My Tragic Fishing Story

From times I can’t remember, fishing had always been one of my favorite past time. I would not lie to you that I’m very good with my rod(my fishing rod I mean), which makes me an average skilled fishing guy , but although I’ve not caught any record number of fish so far, I still go crazy when it comes to fishing. Not many share the same passion and patience required to go fishing though, so I’m fortunate that all my friends have the same interest just like me.

The usual bait that we use is frogs. Snakehead fishes (such as haruan and toman) loves frog, thus the reason to use them. We have spent hours catching fish sometimes, and most of the time we go home empty handed. The thing is even if we do manage to catch a fish, we would usually release it back to the water. It’s very rare that we eat our own catch.

I’ve tried a lot of places for fishing, but my favorite spot is usually abandoned lakes and so on. The only weird thing about my fishing activity is that most of the time, we manage to catch all the other things except for a fish.

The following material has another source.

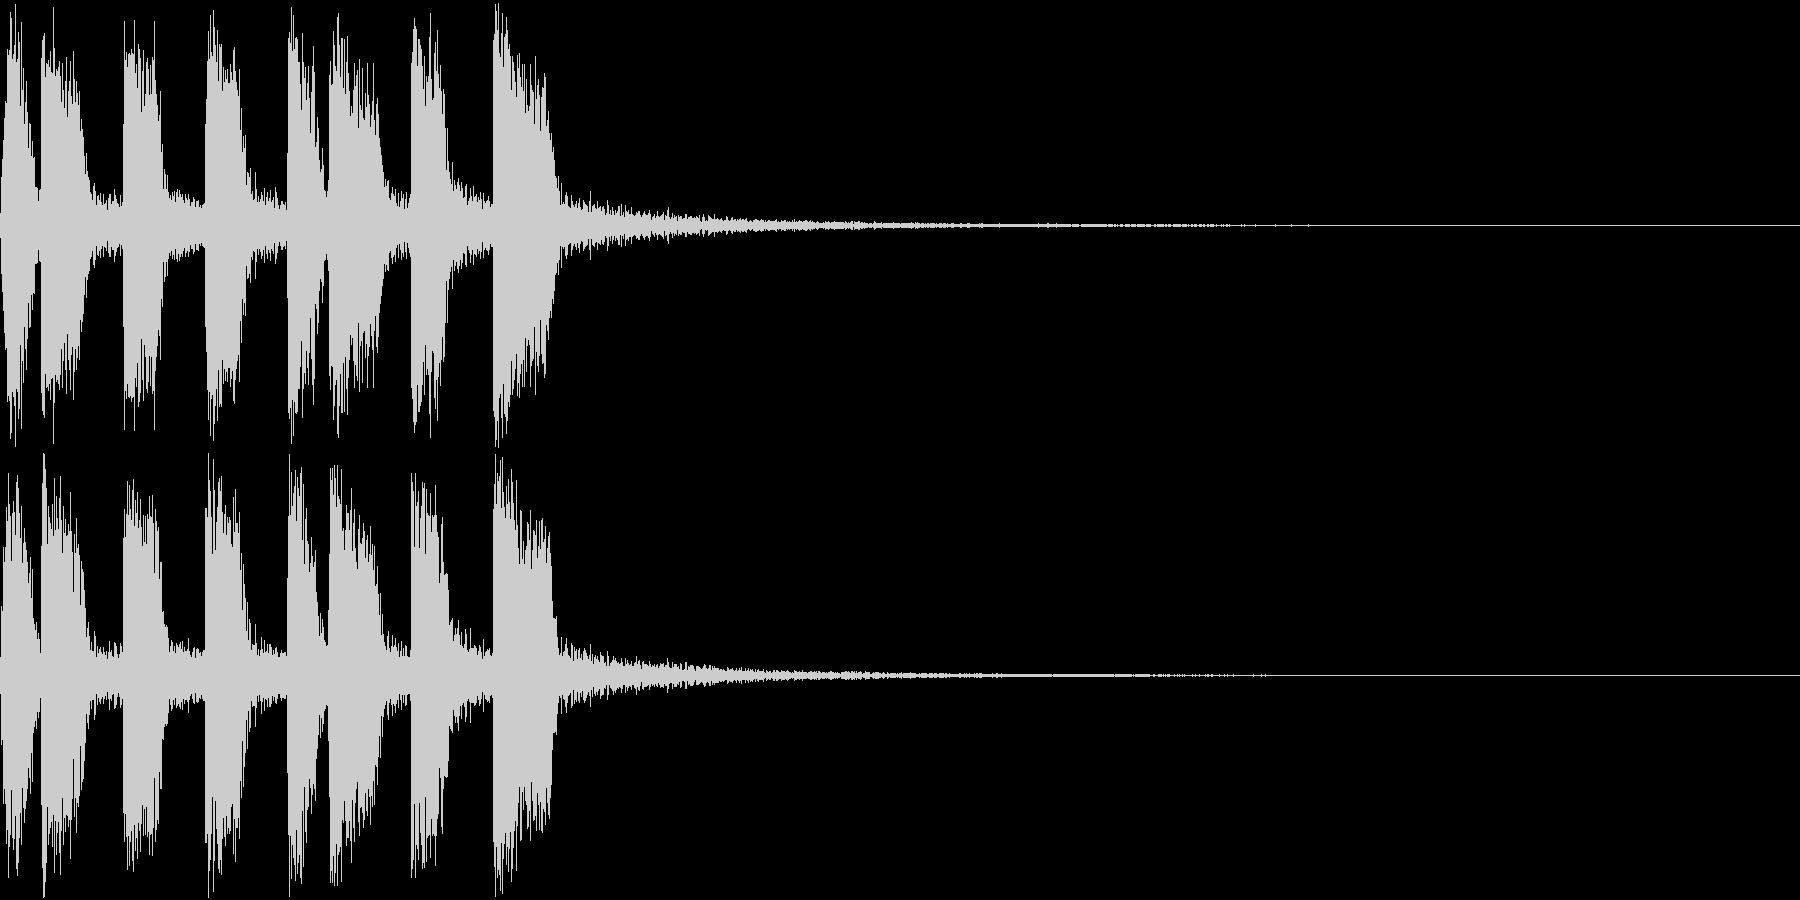 アイテム ファンファーレ ゲット音 2の未再生の波形

I still remember when we caught a damn snake, which ate our frog when the bait accidentally dropped just on the surface of the water. Then there was this huge lizard, and then water snake and the most recent one is a bird. All the above catch was done by Brother Deva and me while we’re out fishing.

But recently……

The other day, I was out fishing again with Brother Deva. I threw the bait, reeled the rod, and SNAP!, There was a bite. Without wasting further time, I reeled the heavy fish, while it’s fighting and my rod is going all heavy, bending is such a way that I was surprised if it’s for real. I was very excited, and after 5 minutes, the river monster (kononnya) had finally been tackled. I lifted the catch up, and one round green shaped object floated. Imagine how fucking pissed I’m when it was a turtle. And the hook was swallowed so deep that I can’t get it off. I posed with the so called catch of the day and released it.

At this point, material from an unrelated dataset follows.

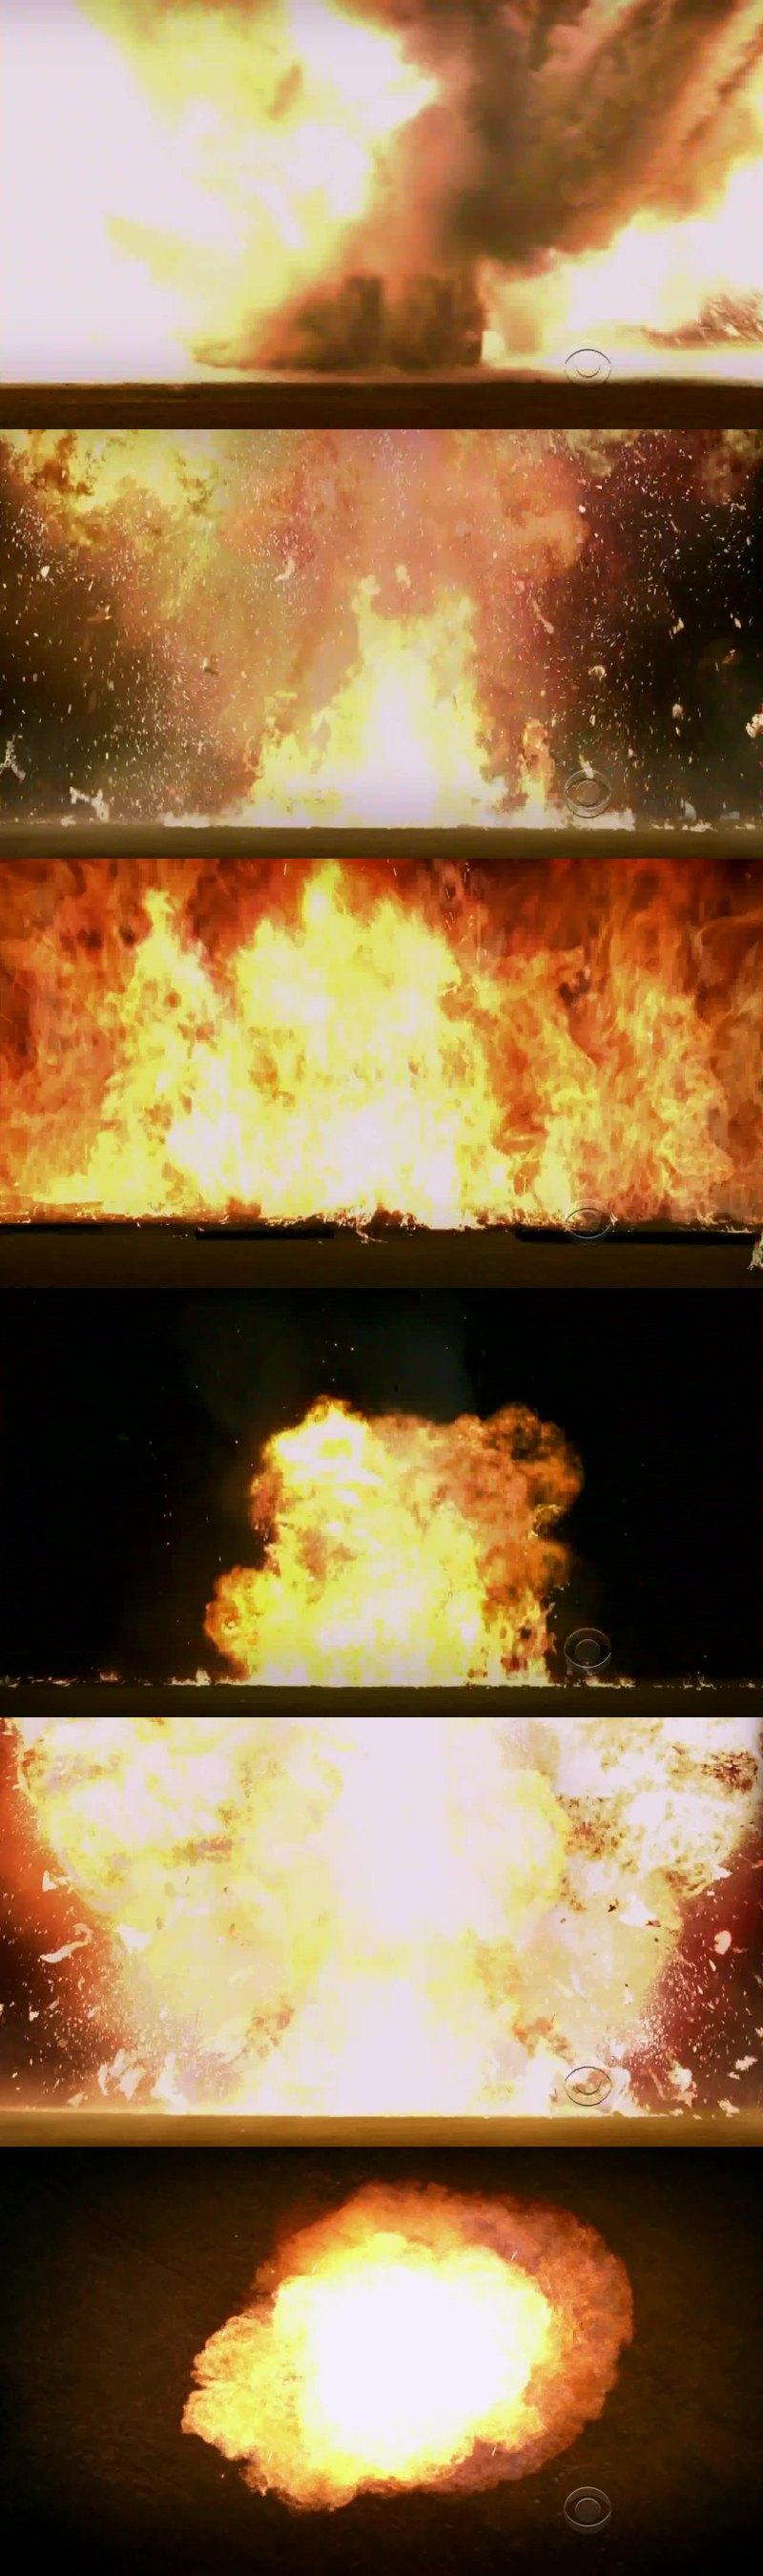 wow che puntata, morgan è coraggiosissimo e la squadra è composta da veri e propri EROI... 💪❤ e vogliamo parlare dell ultima esplosione? fatta alla perfezione!  ma solo a me manca da morire  Gideon? 😢😢😢😢

Yesterday, I was fishing again, in another pond. The bait set, hook set, and I threw the bait. Reeling slowly, SNAP!, another catch. I reeled quickly because I do not want the fish to escape. Imagine my horror when it’s a fucking turtle again. Ammeh punthe vidum aminah punthe vidum urpedathe ne sollevangge…


I was so fucking pissed that I packed my rod and vowed not to catch for some time again. Maybe I should just write about Friendster girls instead, I excel better in that.